You do not want to ruin a frame. I have posted this information before, but it seems another reminder is in order.

Some oils are "siccative", meaning they "dry" ... really, they oxidize and form a hard substance, rather than evaporate, so "dry" is not a good word. Anyway, so-called boiled linseed oil from the hardware store is a siccative oil. Or if you go to an art store, you can get a variety of siccative oils ... walnut, poppy, hempseed, pine nut, castor. Other oils, like standard motor oil, olive oil, canola oil, and like the mineral oil in baby oil, never "dry"; they stay runny virtually forever. Your frame may absorb a non-siccative oil, but it will always feel oily to your hand. But a siccative oil will set up to a hard finish.

The phrase "boiled linseed oil" refers to an old process of making linseed oil set up faster ... basically it involved a very careful and controlled heating and cooling process. These days, "boiled linseed oil" is made by a chemical process, with the addition of hardeners, which has the same effect.

I would seriously avoid motor oil or vegetable oil from the grocery. Go to a hardware or paint store and they should have boiled linseed oil.

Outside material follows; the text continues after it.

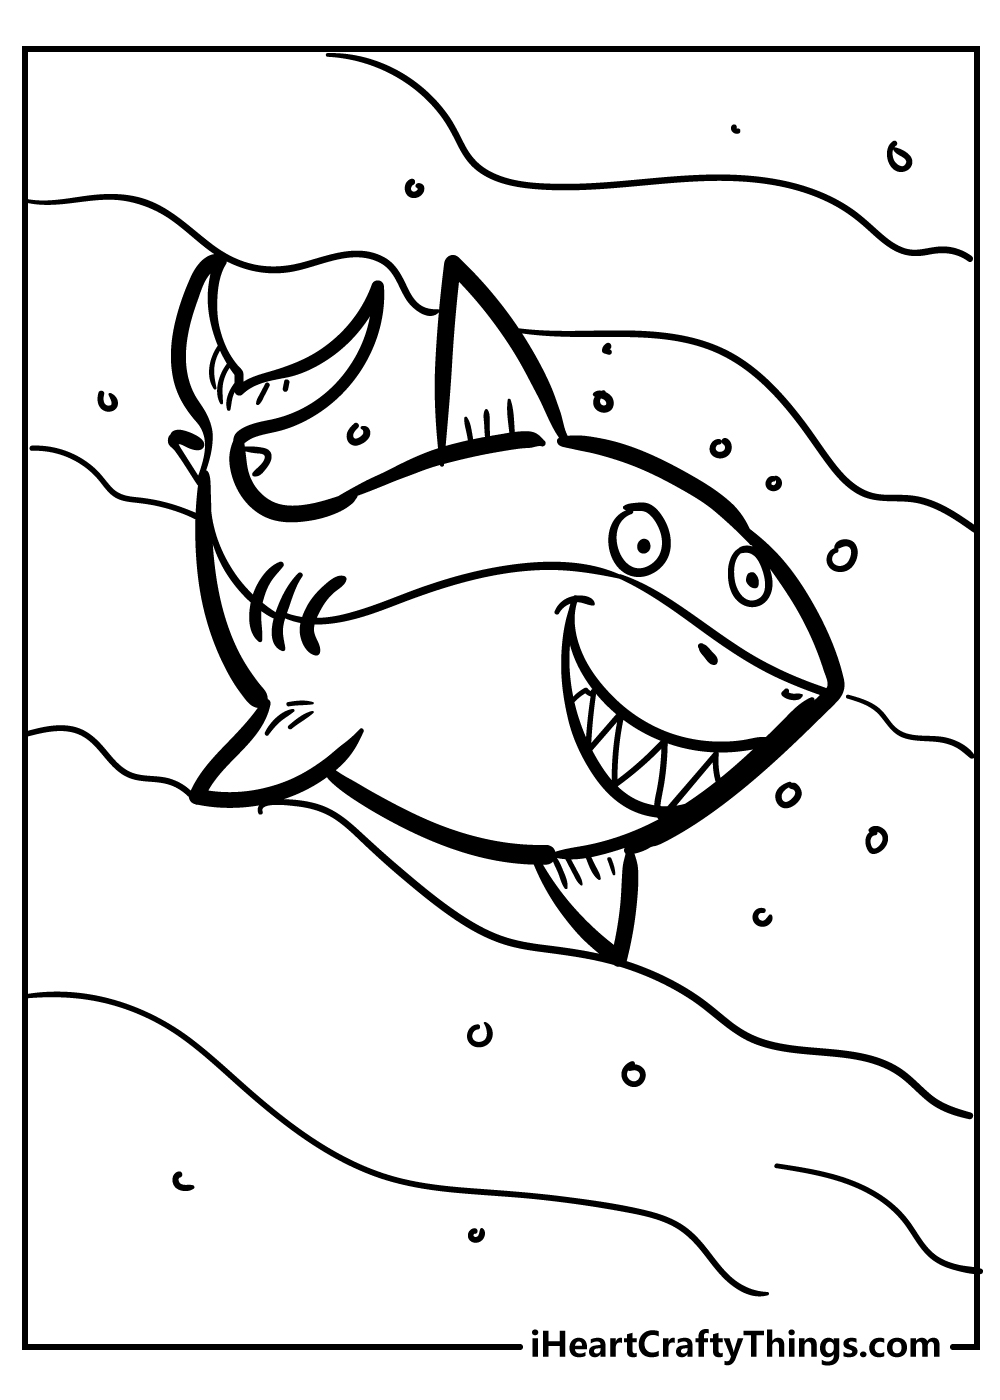 Shark coloring sheet for children free download

As an alternative, you could use paraffin wax or bees wax. Surely you can find candles at some local store.

Cheers ...... Charles


----------



## DaveSteve (May 16, 2012)

Charles said:


> You do not want to ruin a frame. I have posted this information before, but it seems another reminder is in order.
> 
> Some oils are "siccative", meaning they "dry" ... really, they oxidize and form a hard substance, rather than evaporate, so "dry" is not a good word. Anyway, so-called boiled linseed oil from the hardware store is a siccative oil. Or if you go to an art store, you can get a variety of siccative oils ... walnut, poppy, hempseed, pine nut, castor. Other oils, like standard motor oil, olive oil, canola oil, and like the mineral oil in baby oil, never "dry"; they stay runny virtually forever. Your frame may absorb a non-siccative oil, but it will always feel oily to your hand. But a siccative oil will set up to a hard finish.
> 
> ...


Thanks Charles. Great info.


----------



## Northerner (Nov 9, 2010)

Tung oil is a good alternative to Linseed oil.


----------